Affiche sorties de films mercredi 27 octobre 2021
The Walt Disney Company/ Universal Pictures/ Le Pacte

Ce qu’il faut voir en salles

L’ÉVÉNEMENT
THE FRENCH DISPATCH ★★★☆☆

De Wes Anderson

L’essentiel

Wes Anderson et sa troupe reviennent en roue libre, en noir et blanc et couleurs pastels, entre pastiche et postiches, alternant divertissement premier choix et avertissement pour la dernière fois.

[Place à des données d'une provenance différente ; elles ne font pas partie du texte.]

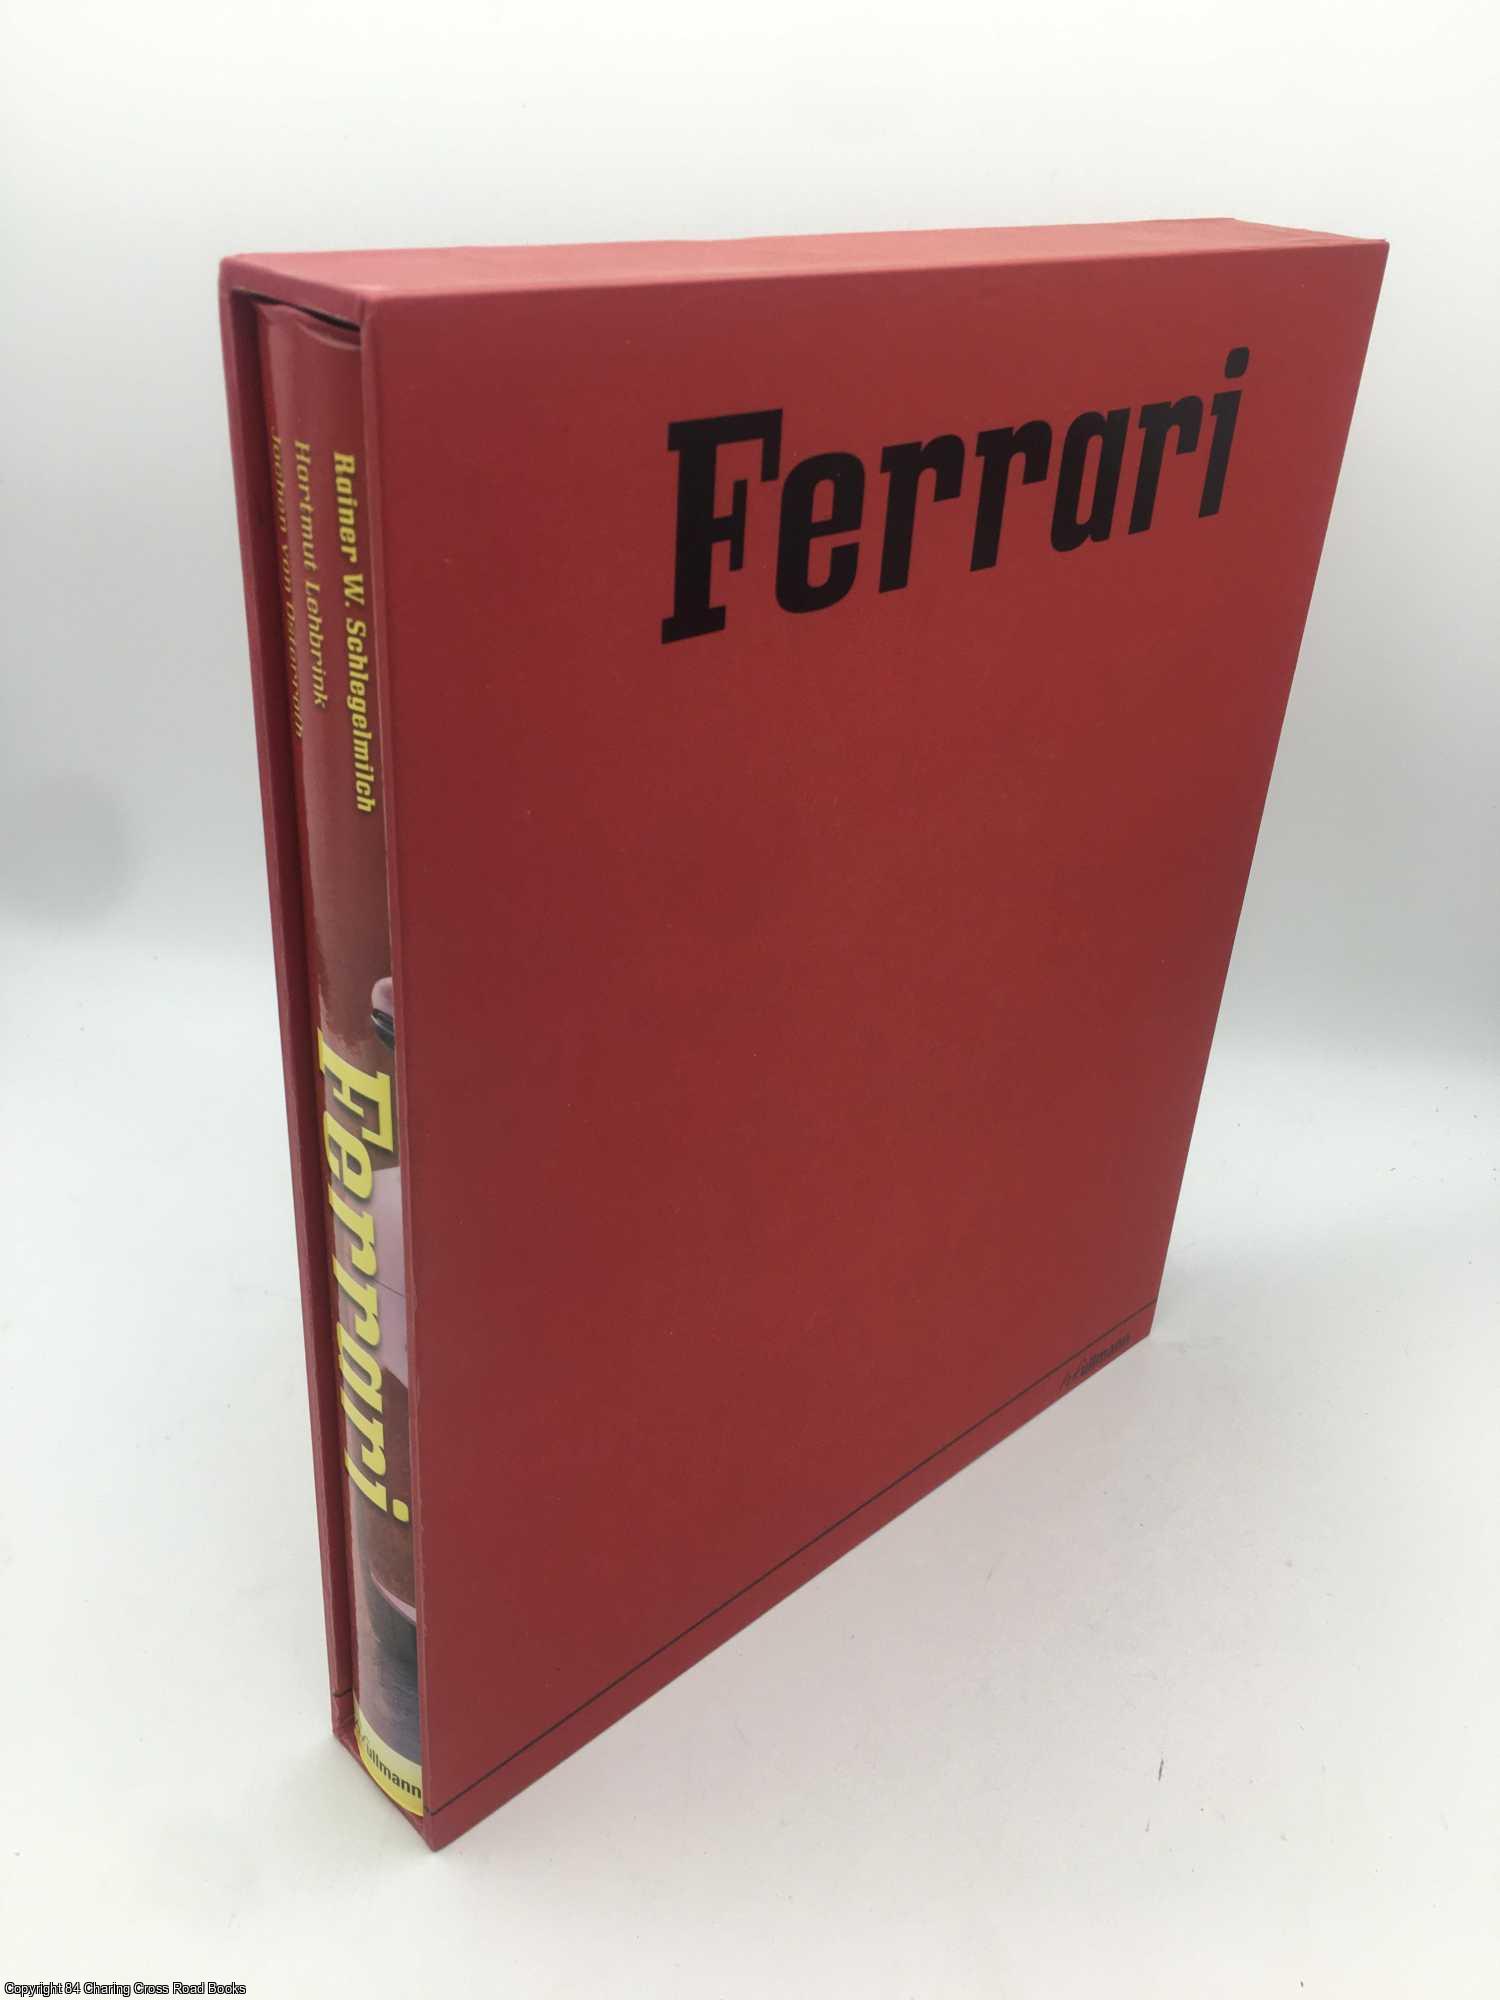 Ferrari Updated Special Edition, slipcased by Hartmut Lehbrink, Rainer W.  Schlegelmilch on 84 Charing Cross Rare Books
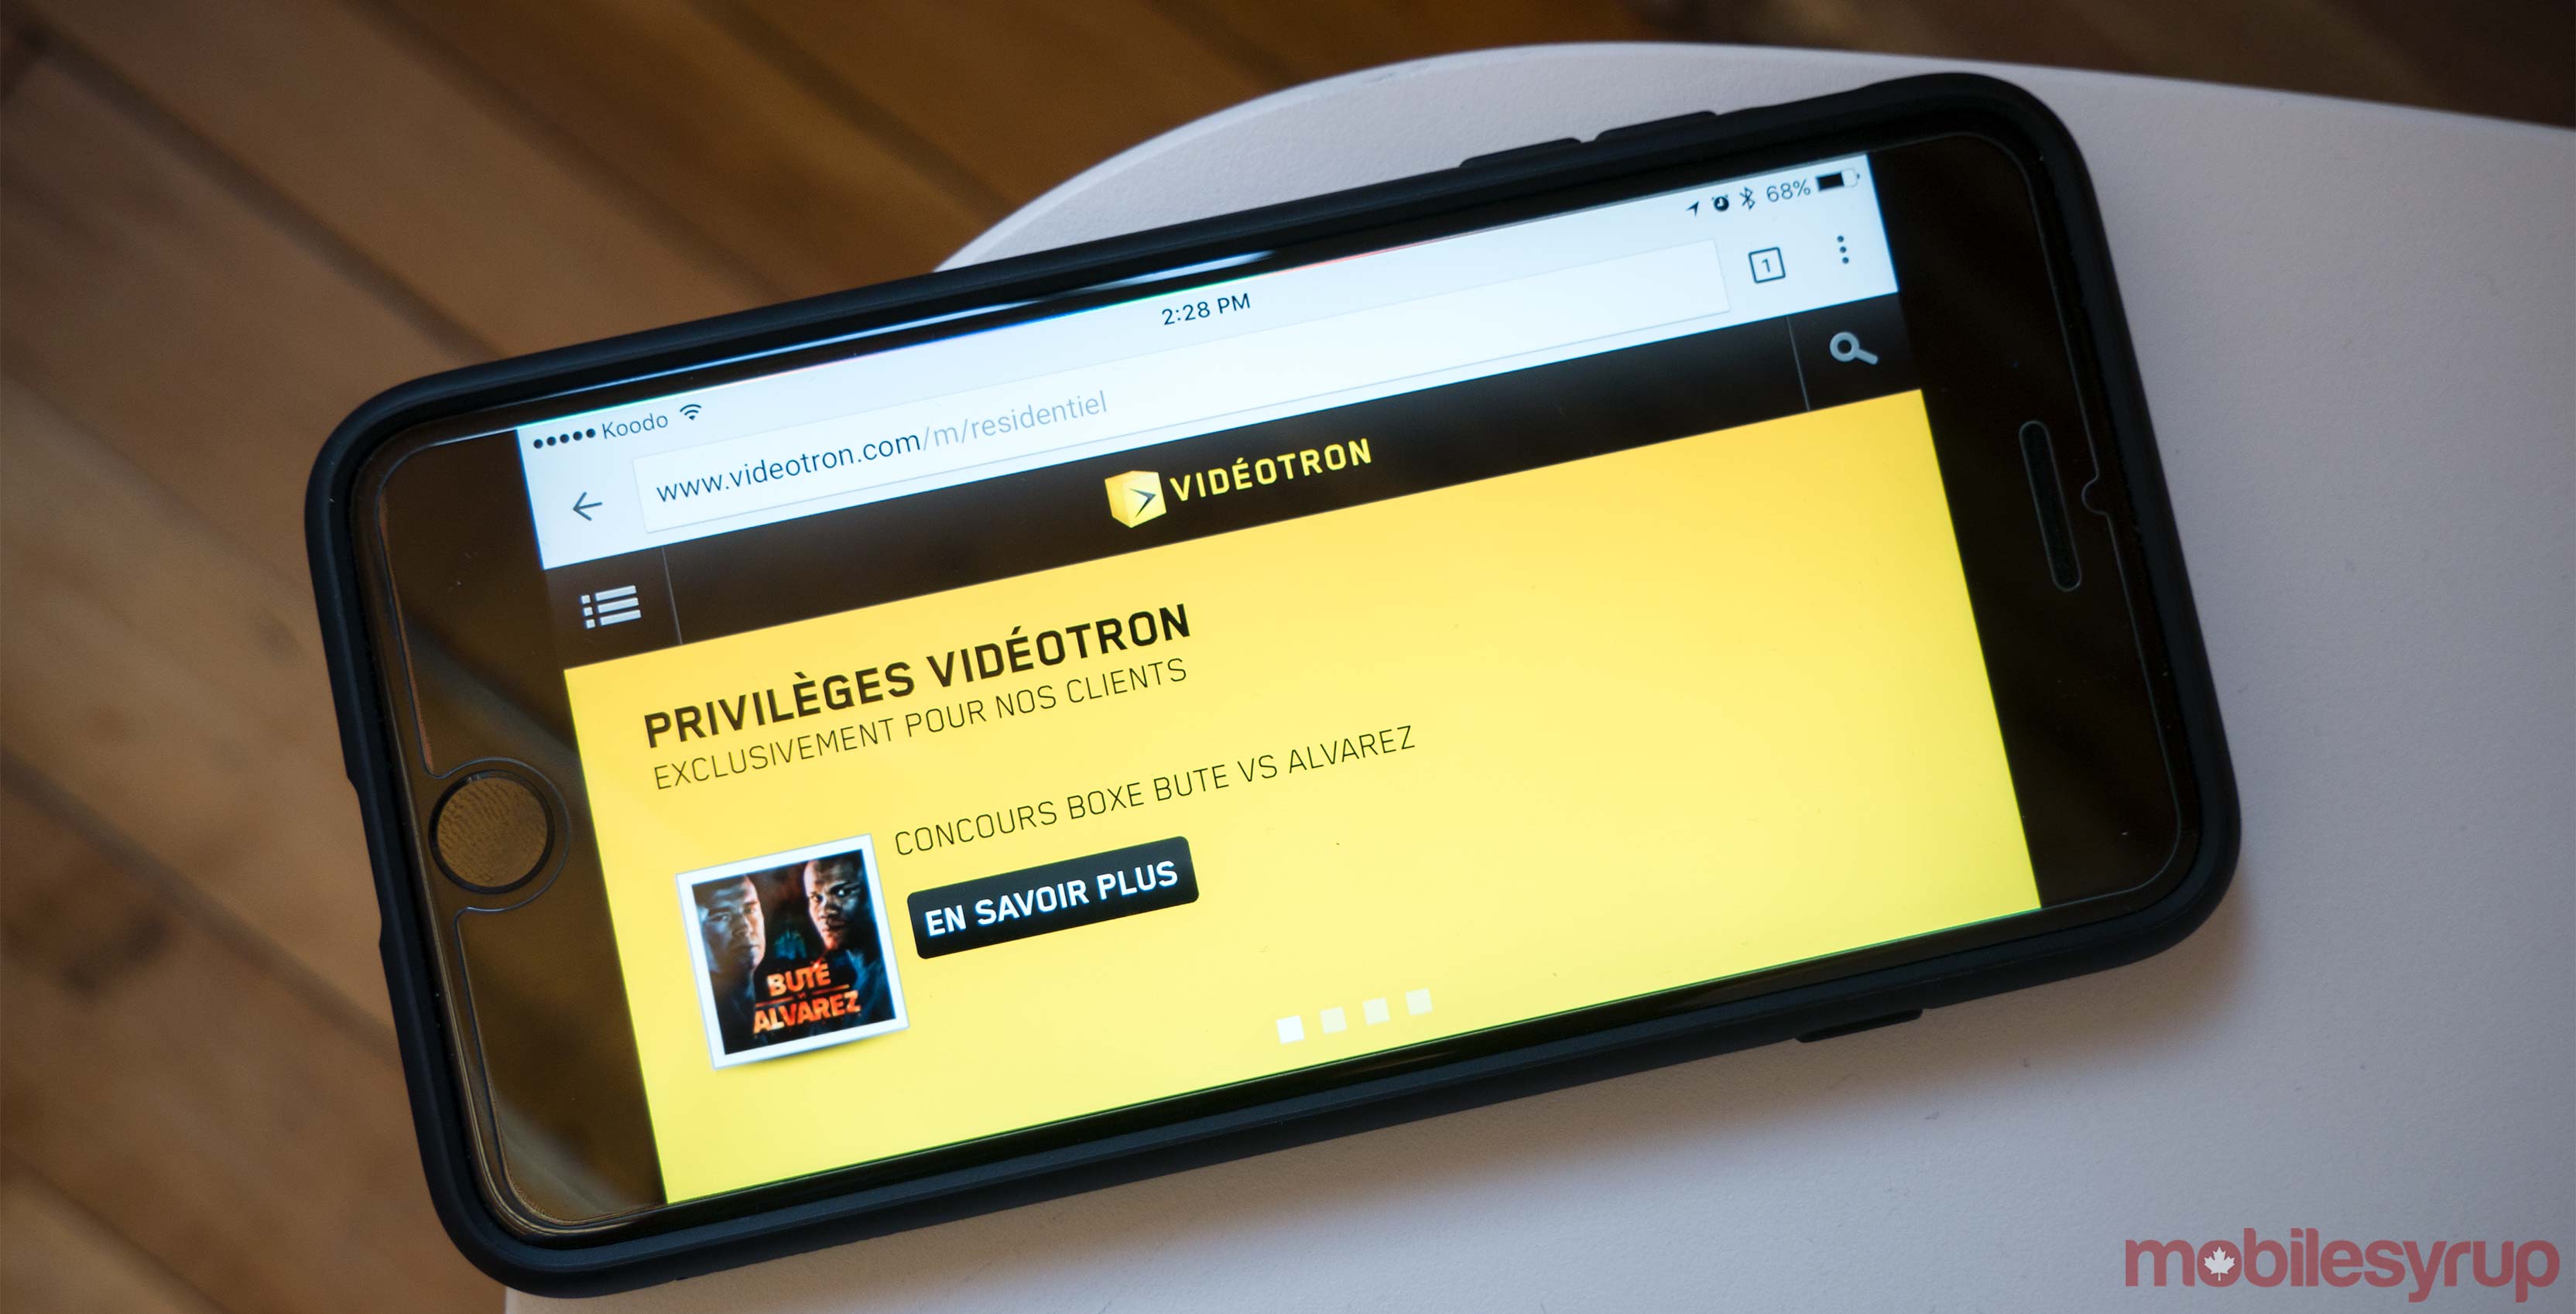 An image showing a Videotron webpage on an iPhone

Chacun a son Wes Anderson à lui. Il y a les fans des débuts : le charme pieds nickelés de Bottle Rocket, la neurasthénie du campus de Rushmore, la drôle de douleur familiale des Tennenbaums. Il y a les adeptes de l’orfèvrerie Darjeeling, du modélisme de la Vie aquatique, des miniatures laquées du Grand Budapest Hotel. Et puis les grands enfants, ceux qui s’émerveillent de sa veine animée (Mr Fox, l’Île aux chiens).

Si The French Dispatch invite à ce point à faire ce type de bilan, c’est qu’il se conçoit lui-même comme plusieurs films en un, une expérience de « porte-manteau » (un des termes américains pour désigner la structure en sketchs) fondée sur deux mouvements inverses : un voyage à travers le cinéma français des années 30 à 70 (essentiellement à travers trois longs courts-métrages en noir et blanc) et un hommage au New Yorker, l’une des plus grandes institutions de la presse US. L’enluminure de The French Dispatch est à la fois son génie et sa limite. Les sketches sont ce que sont toujours des sketches : inégaux, souvent longuets, un peu invertébrés. Les acteurs y passent sans y rester, ils sont beaux, grands, célèbres, on voit bien qu’ils s’amusent comme des fous, Wes se régale, lui, à renoiriser, godardiser, truffaldiser, jacquestatiser, clouzotiser, comme le ciné-francophile qu’il est.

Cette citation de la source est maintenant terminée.